▸ **DIRECTIONS FOR THIS TASK**
Copy the data exactly; pictures stay out of the copy.

▸ **GIVEN DATA**
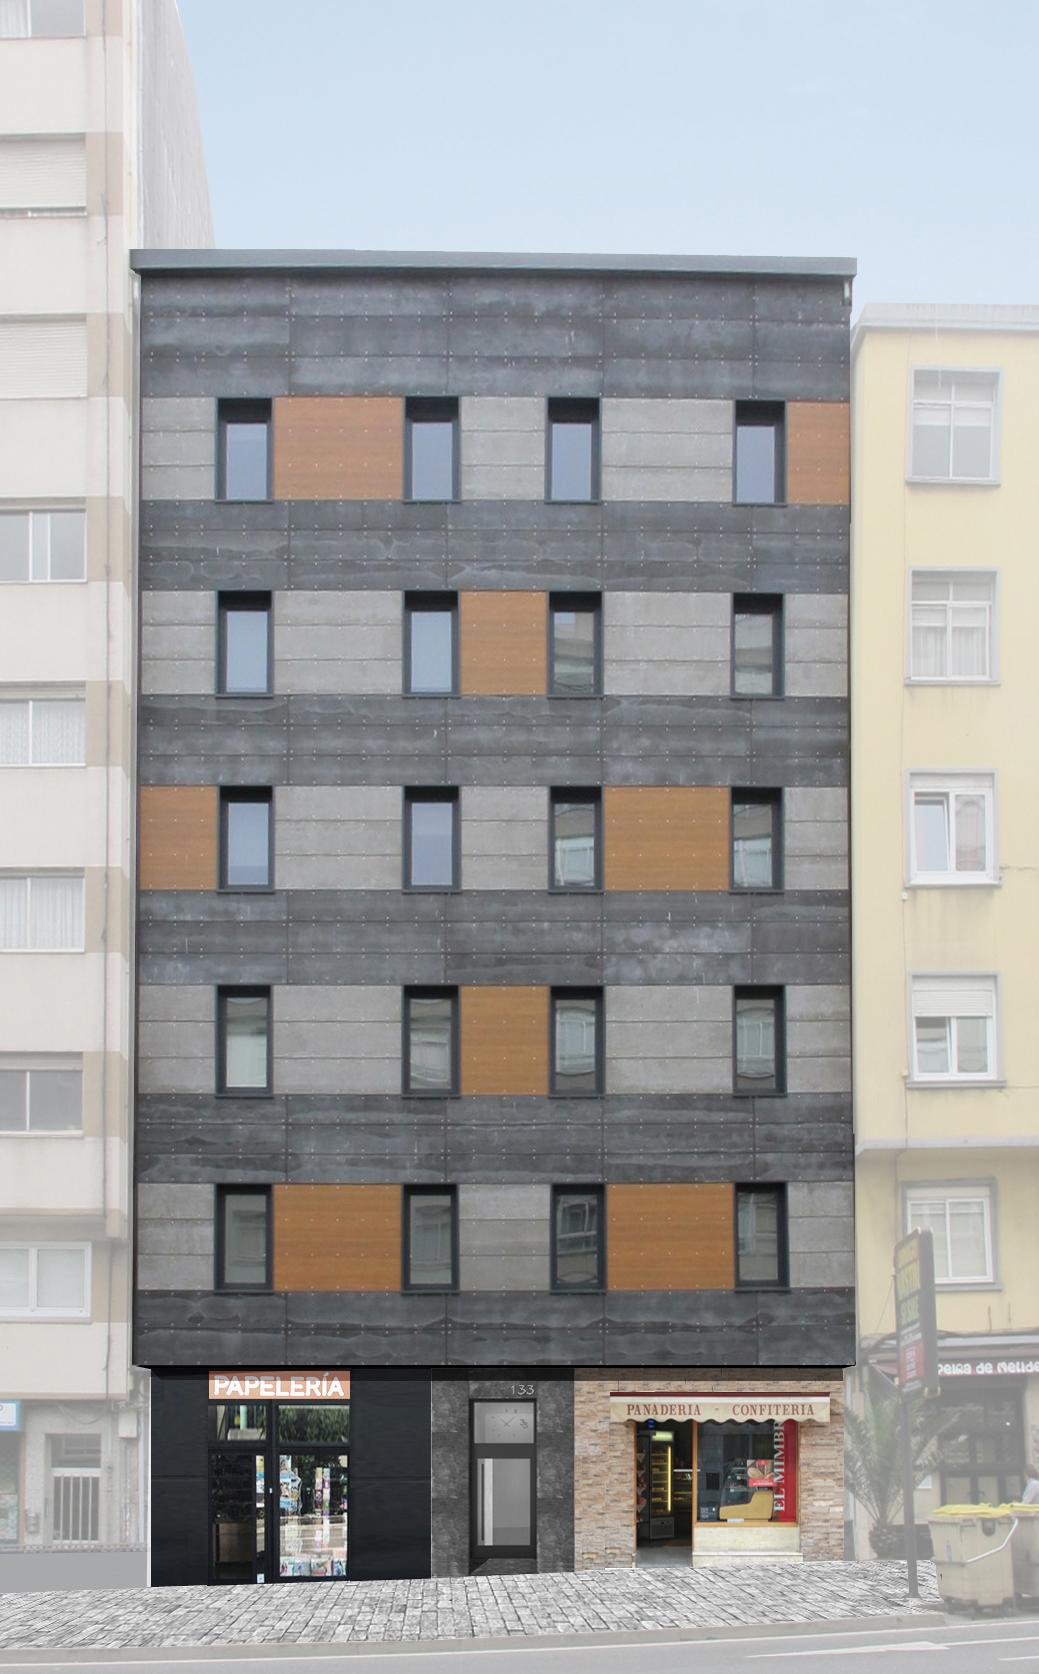 Fachadas de edificios por qu renovar la fachada en for Fachadas de viviendas
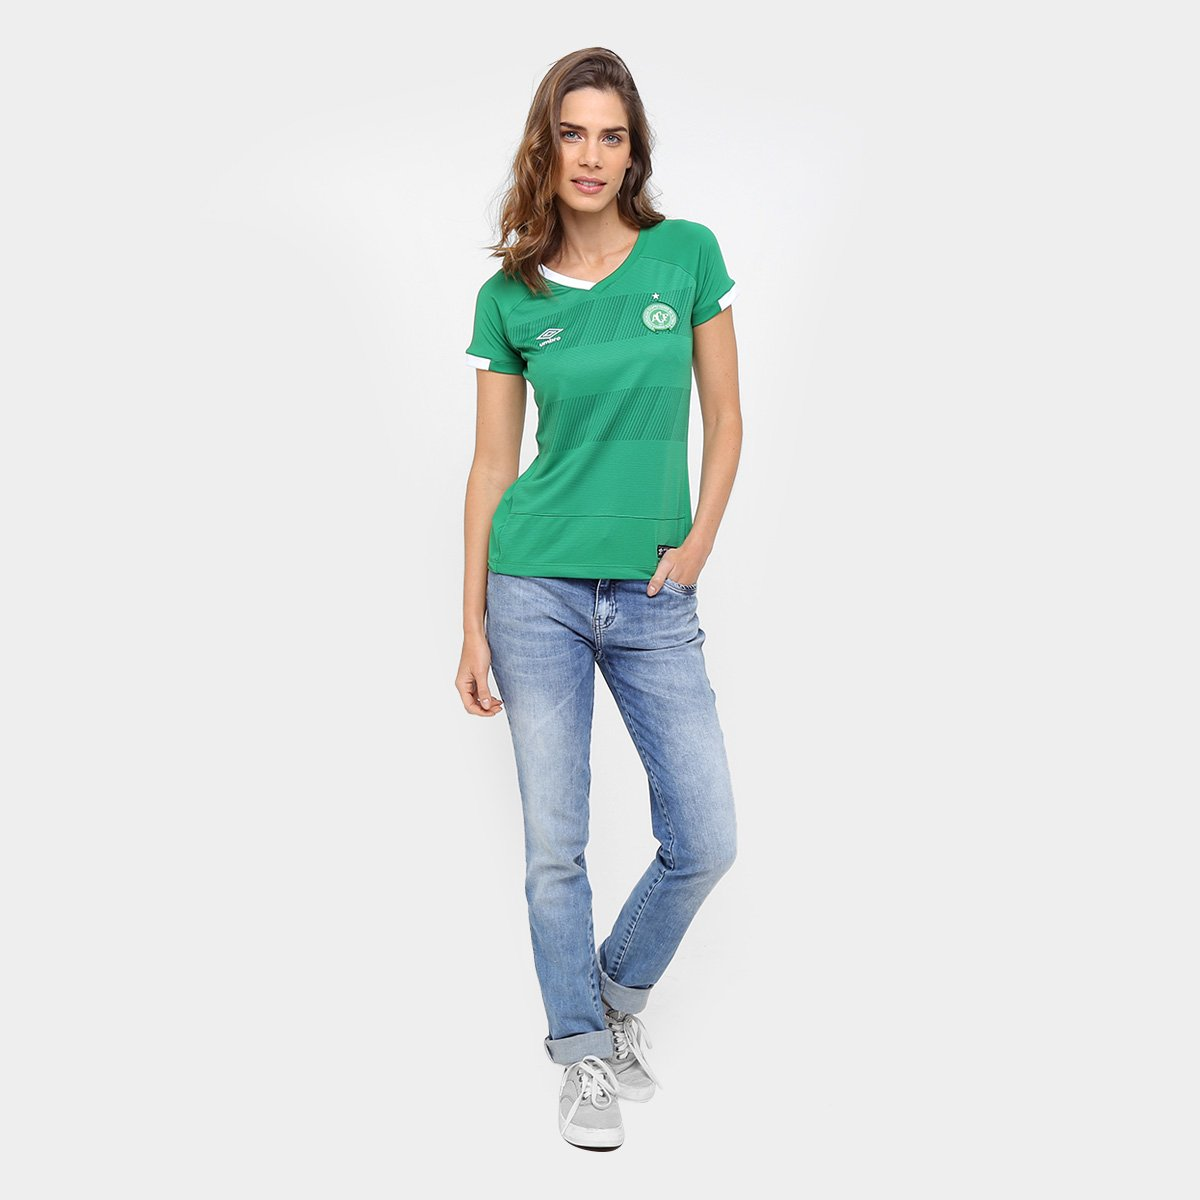 16 Chapecoense Camisa Torcedor 17 Verde I nº Umbro s Feminina ycCa6yR1
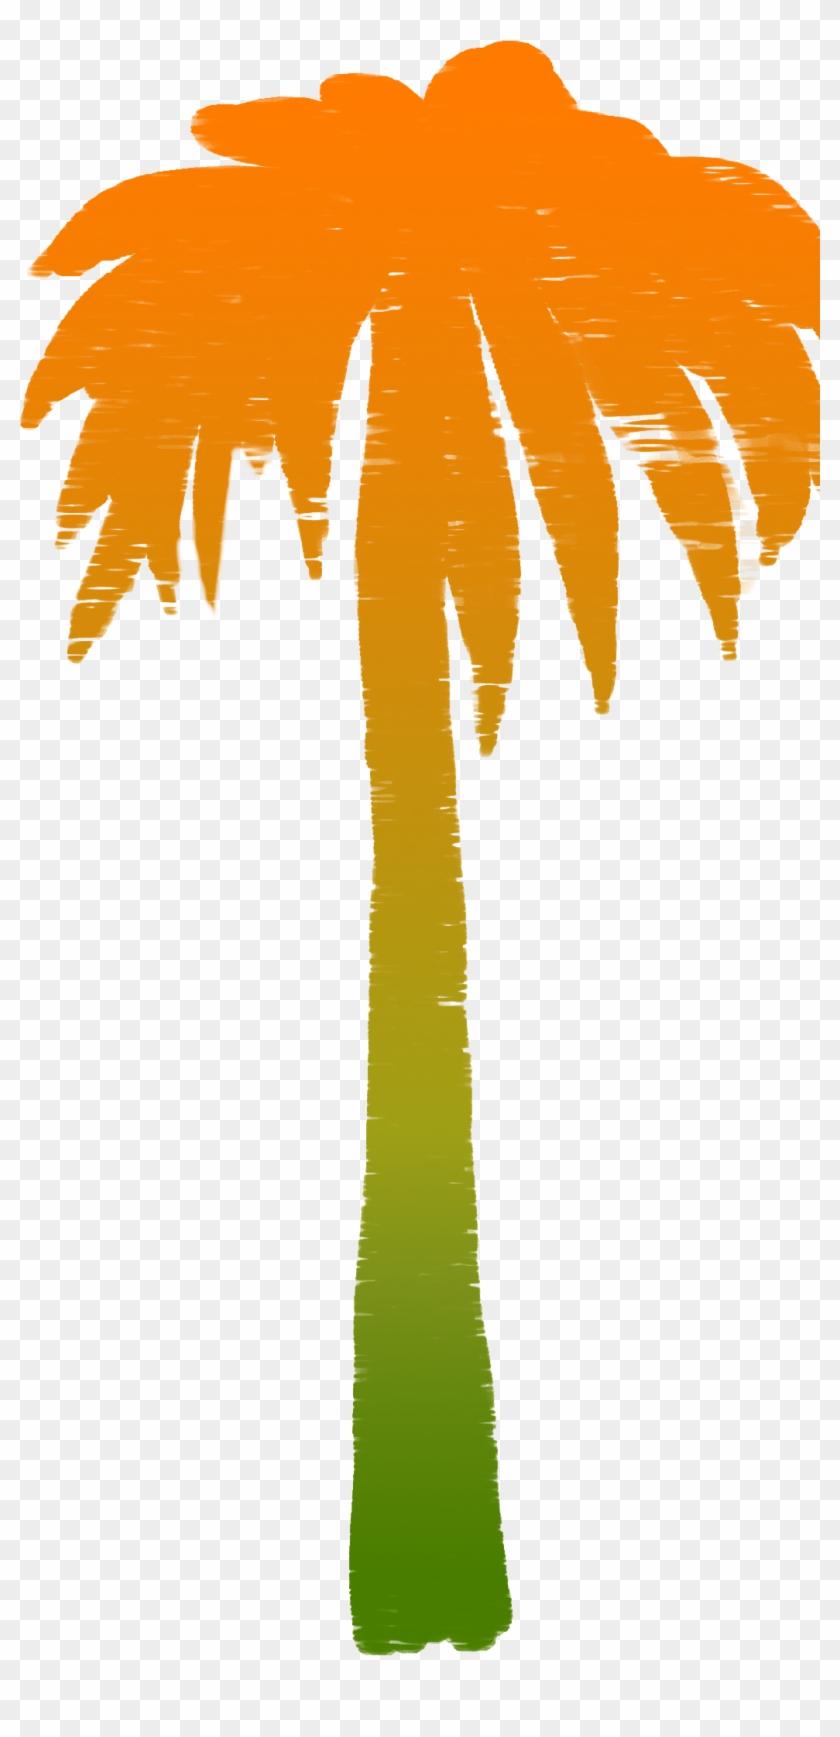 Tree Silhouette Clip Art - Tree Silhouette Clip Art #1533

▸ **RESPONSE TO THIS TASK**
 Fachadas de edificios por qu renovar la fachada en for Fachadas de viviendas
 16 Chapecoense Camisa Torcedor 17 Verde I nº Umbro s Feminina ycCa6yR1
 Tree Silhouette Clip Art - Tree Silhouette Clip Art #1533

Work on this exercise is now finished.